Астматик Никшанов задохнулся и полез за эфедрином. Чёрт подери, этот старик совсем сумасшедший, мало того, что провокаторские проекты подбрасывает, он ещё и сексуальный маньяк! Это был перебор для строгих супружеских принципов Никшанова, ни разу не изменившему своей жене за все десять лет жизни с ней.
И ему до нервного зуда захотелось увидеть этого старикашку-маньяка. Просто увидеть, каков он этот человек, живущий по адресу такому-то, как он выглядит, какие у него глаза. Что это за экземпляр такой рода человеческого. И он наметил съездить и посмотреть на Арбелина.
Глянул на часы. Три часа всего, успеет. Быстро закрыл бумаги в сейф, выключил компьютер и чуть не бегом двинулся к своему «Форду». Он даже не подумал ещё, как же сможет увидеть Арбелина. А пока ехал, придумал самое простое проверенное средство – позвонить в его квартиру, притворившись кем-то ищущим какого-нибудь Иванова-Сидорова. Если Арбелин дома и откроет дверь, то и явит Никшанову своё обличье в самом обычном домашнем виде, в абсолютной естественности и непритворстве. А ему, опытному физиогномисту, достаточно двух секунд, чтобы понять, кто он и чем дышит. Только бы оказался дома.

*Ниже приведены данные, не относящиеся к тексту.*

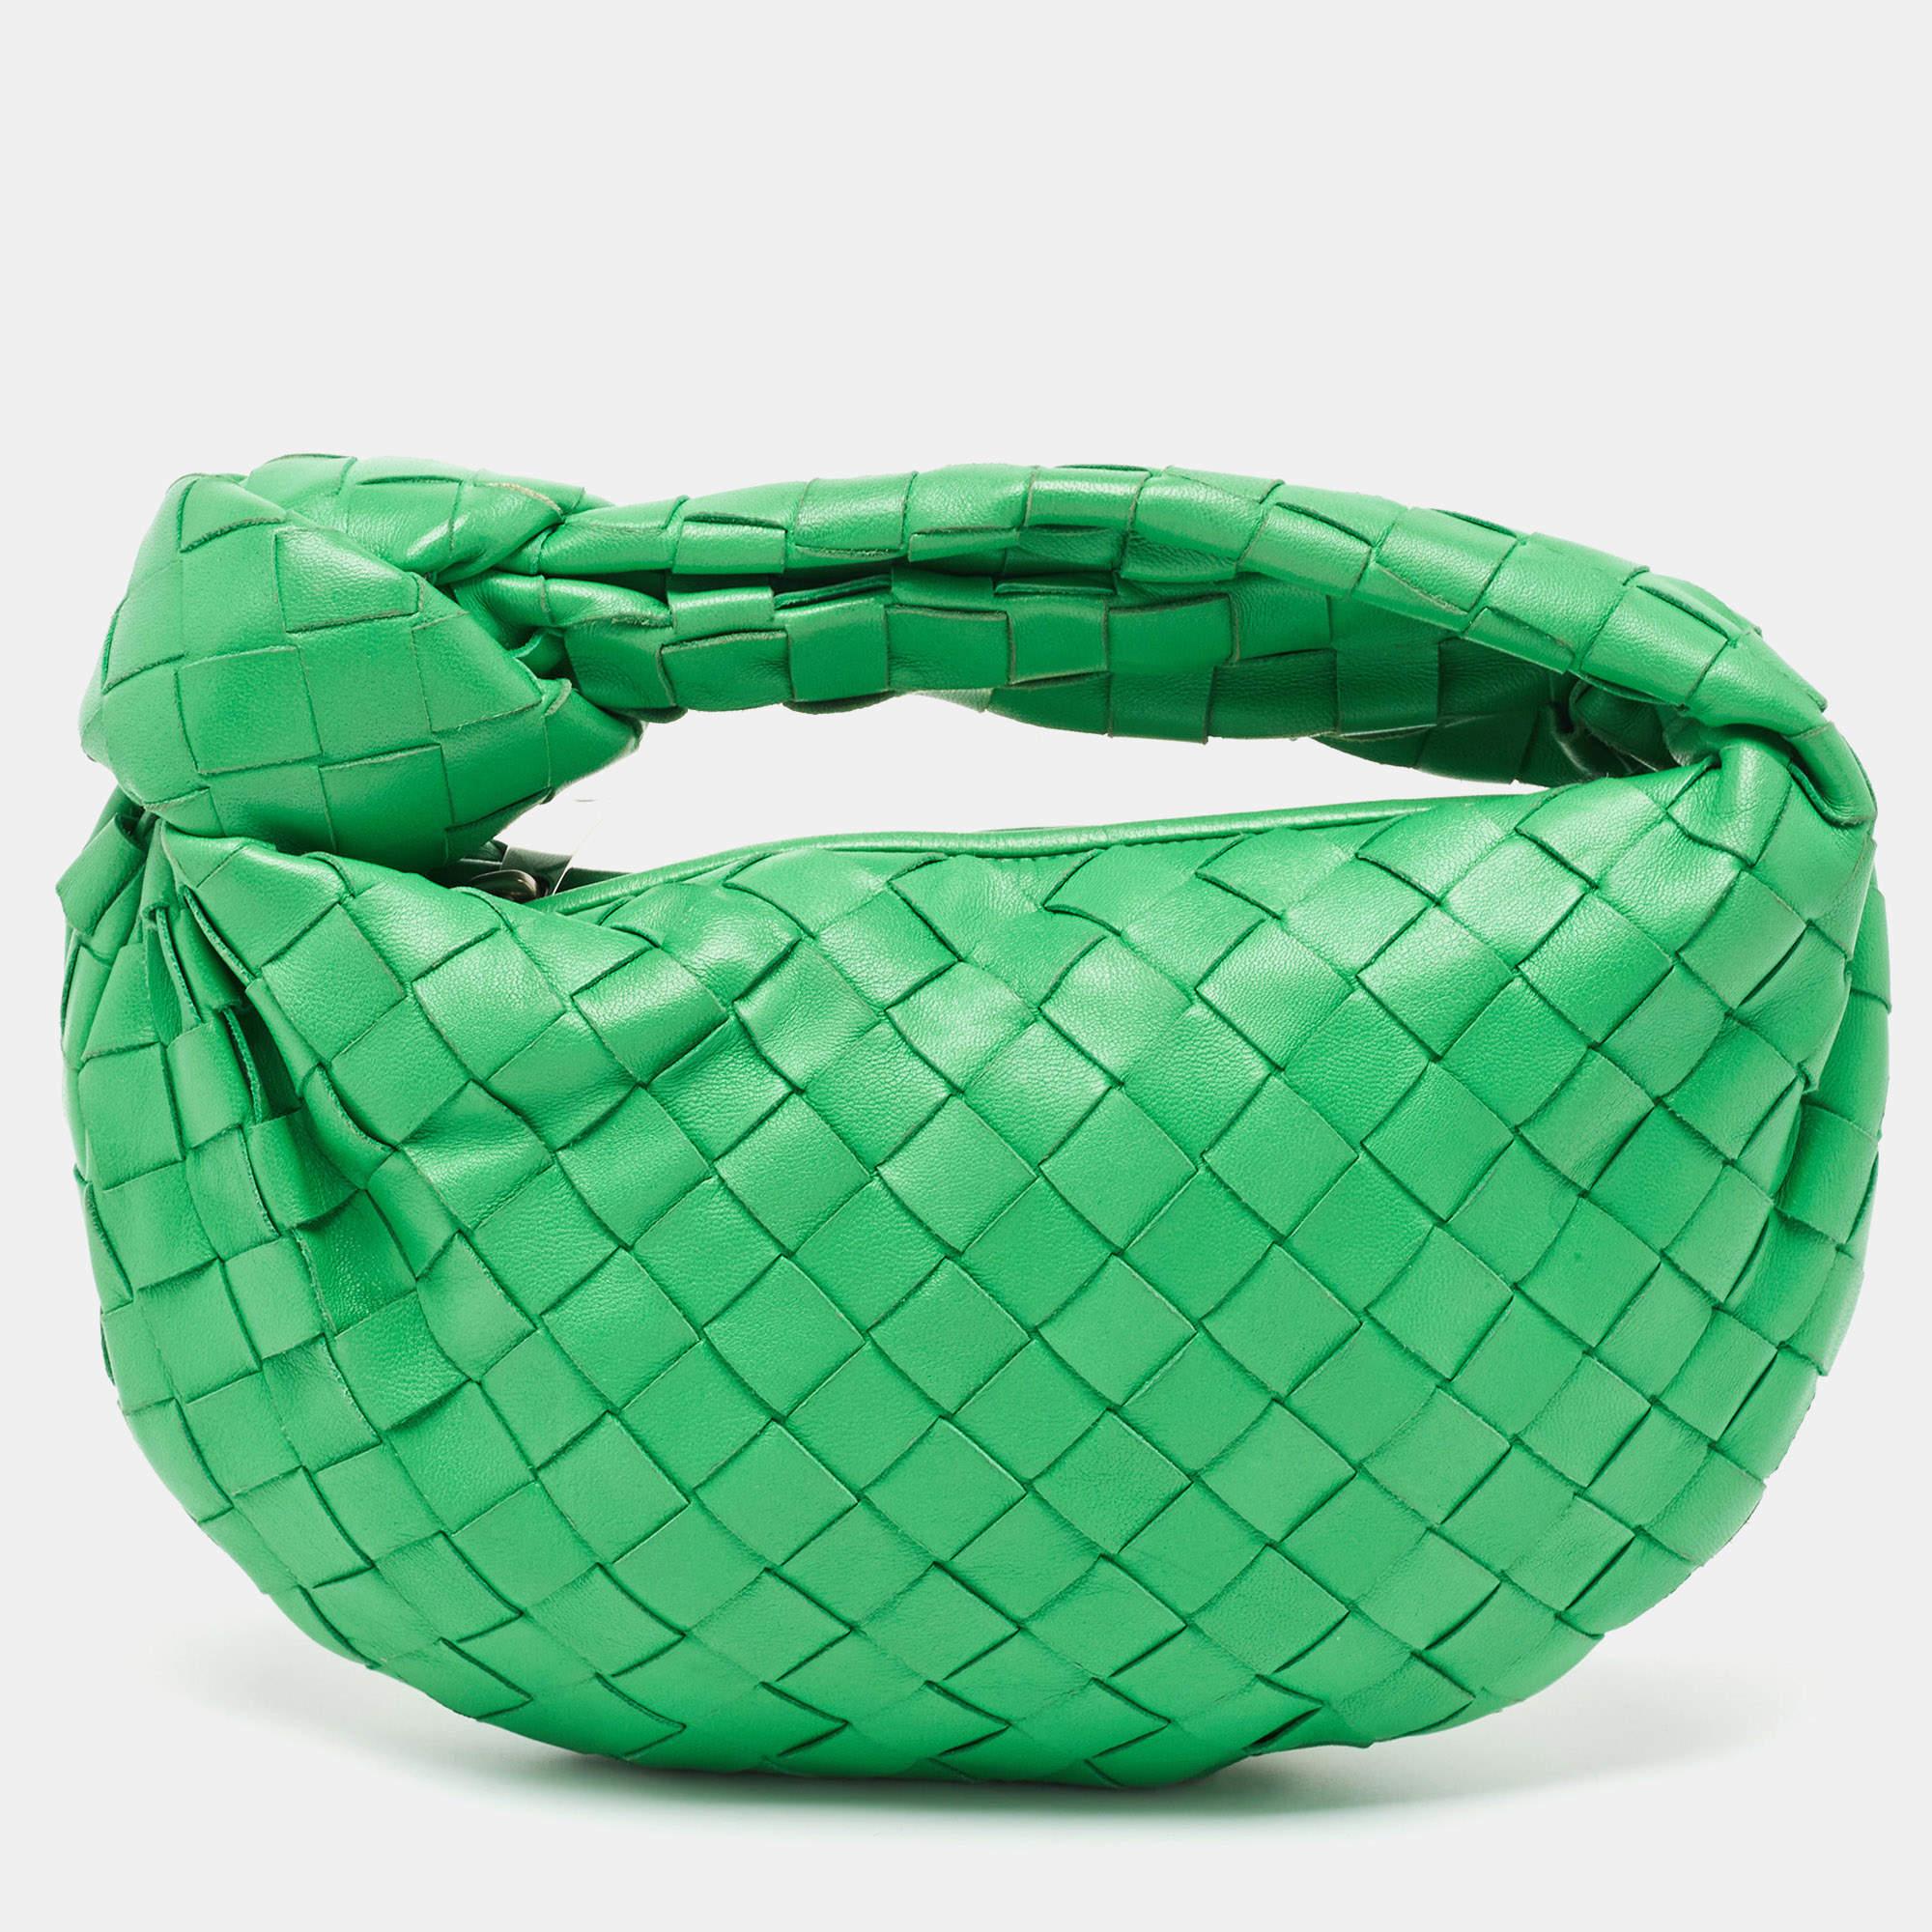 The Bottega Veneta Jodie hobo is a luxurious and compact handbag crafted from exquisite green leather woven in the brand's signature Intrecciato pattern. It features a relaxed hobo silhouette, a single top handle, and a zip closure, making it both

Руки астматика вспотели от волнения. Никшанов остановился и вдохнул ещё одну порцию эфедрина.
Приехал к дому Арбелина он в четыре часа. И ему повезло – Арбелин оказался дома и открыл дверь.
– Прошу прощения, – как можно проникновеннее произнес Никшанов, – мне нужен Шустиков Сережа, квартира 77.
– Шустикова Сережи по этому адресу нет, ошибка, – вяло отреагировал Арбелин, пронзив Никшанова гипнотическим взглядом глаз необычайного, чуть ли не антрацитового цвета, – номер дома какой?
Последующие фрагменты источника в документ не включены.